A golf ball is putted towards te cup which is located 5.00m away, delectation is 0.250m/s^2, what is the velocity must the putt be made so that the ball just drops into the cup?
so I'm having trouble understanding the question,
so t=?, vi=?, a= -.250m/s^2, si = 0.00m, sf = 5.00m and vf=0m/s? so to do this i did vi= √vf-(2ad) = 1.581m/s but im not sure if that right
The motion of the golf ball in this problem is one-dimensional and with constant acceleration, so we can use a kinematic equation that doesn't involve time $t$ as that value is unknown here. $$\left(v_f\right)^2=\left(v_i\right)^2+2a\left(x_f-x_i\right)\implies v_i=\sqrt{\left(v_f\right)^2-2a\left(x_f-x_i\right)}$$ We know that $x_i=0\;\mathrm{m}$, $x_f=5\;\mathrm{m}$, $a=-0.25\;\left.\mathrm{m}\middle/\mathrm{s}^2\right.$, and $v_f=0\;\left.\mathrm{m}\middle/\mathrm{s}\right.$ is implied. We want to solve for $v_i$ in this problem. \begin{align} v_i&=\sqrt{\left(0\;\left.\mathrm{m}\middle/\mathrm{s}\right.\right)^2-2\;(-0.25\;\left.\mathrm{m}\middle/\mathrm{s}^2\right.)\left(5\;\mathrm{m}-0\;\mathrm{m}\right)}\\v_i&=\sqrt{2.5\;\left.\mathrm{m}^2\middle/\mathrm{s}^2\right.}\\v_i&\approx1.581\;\left.\mathrm{m}\middle/\mathrm{s}\right. \end{align} This is the same result that you found.
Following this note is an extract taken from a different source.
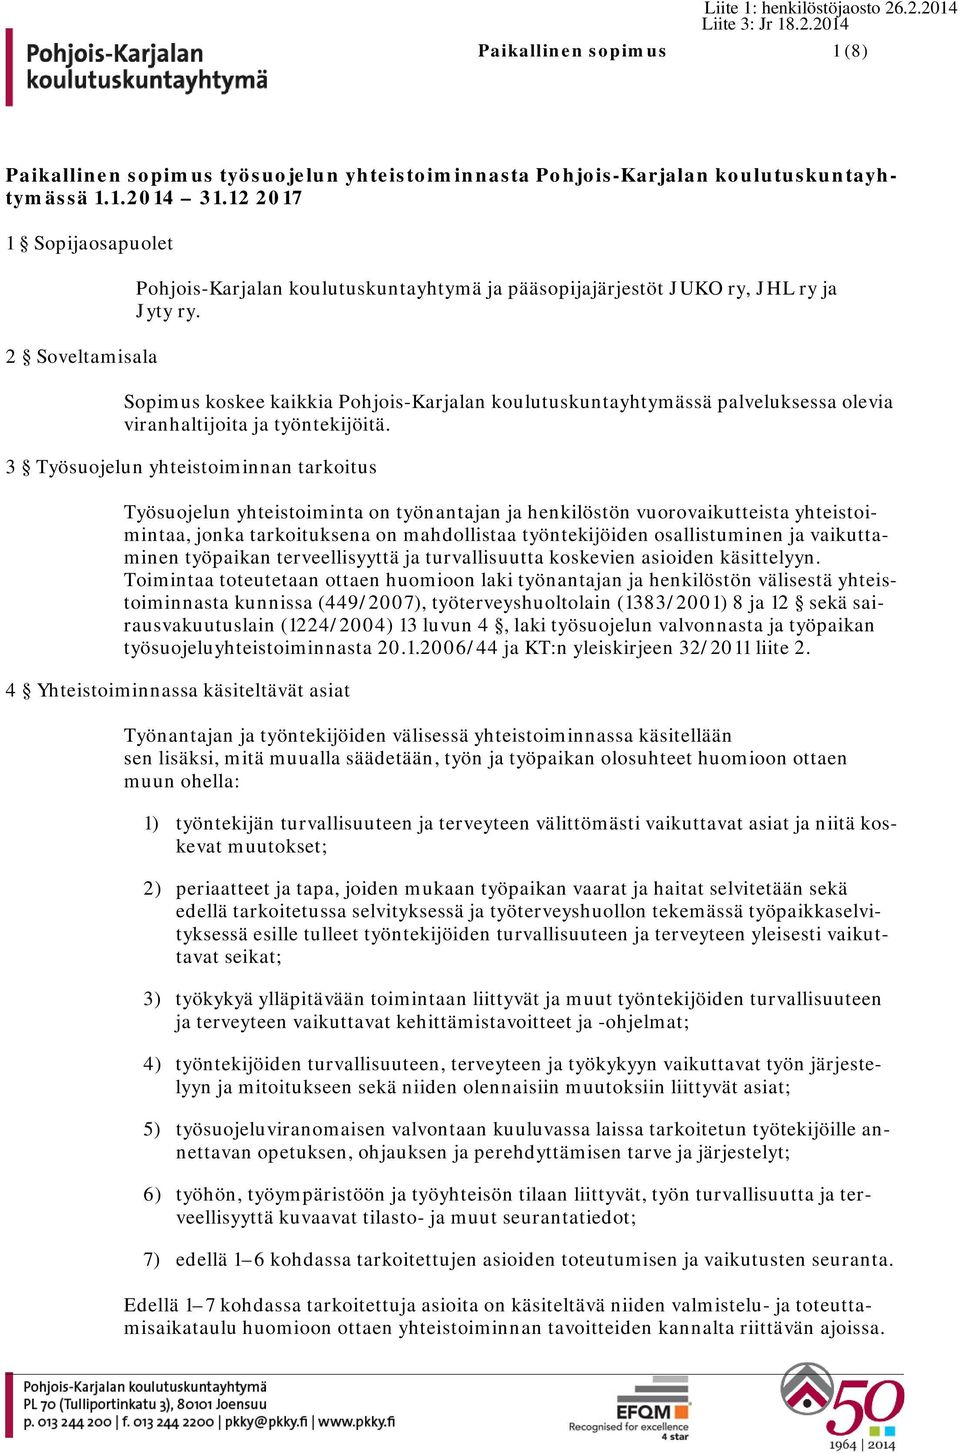 Sopimus koskee kaikkia Pohjois-Karjalan koulutuskuntayhtymässä palveluksessa olevia viranhaltijoita ja työntekijöitä.

We can verify our result by using it in the same kinematic equation, but this time calculating a value that we already know beforehand with complete certainty, such as $a$. $$\left(v_f\right)^2=\left(v_i\right)^2+2a\left(x_f-x_i\right)\implies a=\frac{\left(v_f\right)^2-\left(v_i\right)^2}{2\left(x_f-x_i\right)}$$ Let us evaluate $a$ and see if it is equal to the value that the problem gives. $$a=\frac{\left(0\;\left.\mathrm{m}\middle/\mathrm{s}\right.\right)^2-\left(\sqrt{2.5\;\left.\mathrm{m}^2\middle/\mathrm{s}^2\right.}\right)^2}{2\left(5\;\mathrm{m}-0\;\mathrm{m}\right)}=\frac{-2.5\;\left.\mathrm{m}^2\middle/\mathrm{s}^2\right.}{10\;\mathrm{m}}=-0.25\;\left.\mathrm{m}\middle/\mathrm{s}^2\right.$$ This verifies our result. You solved the problem correctly—good job.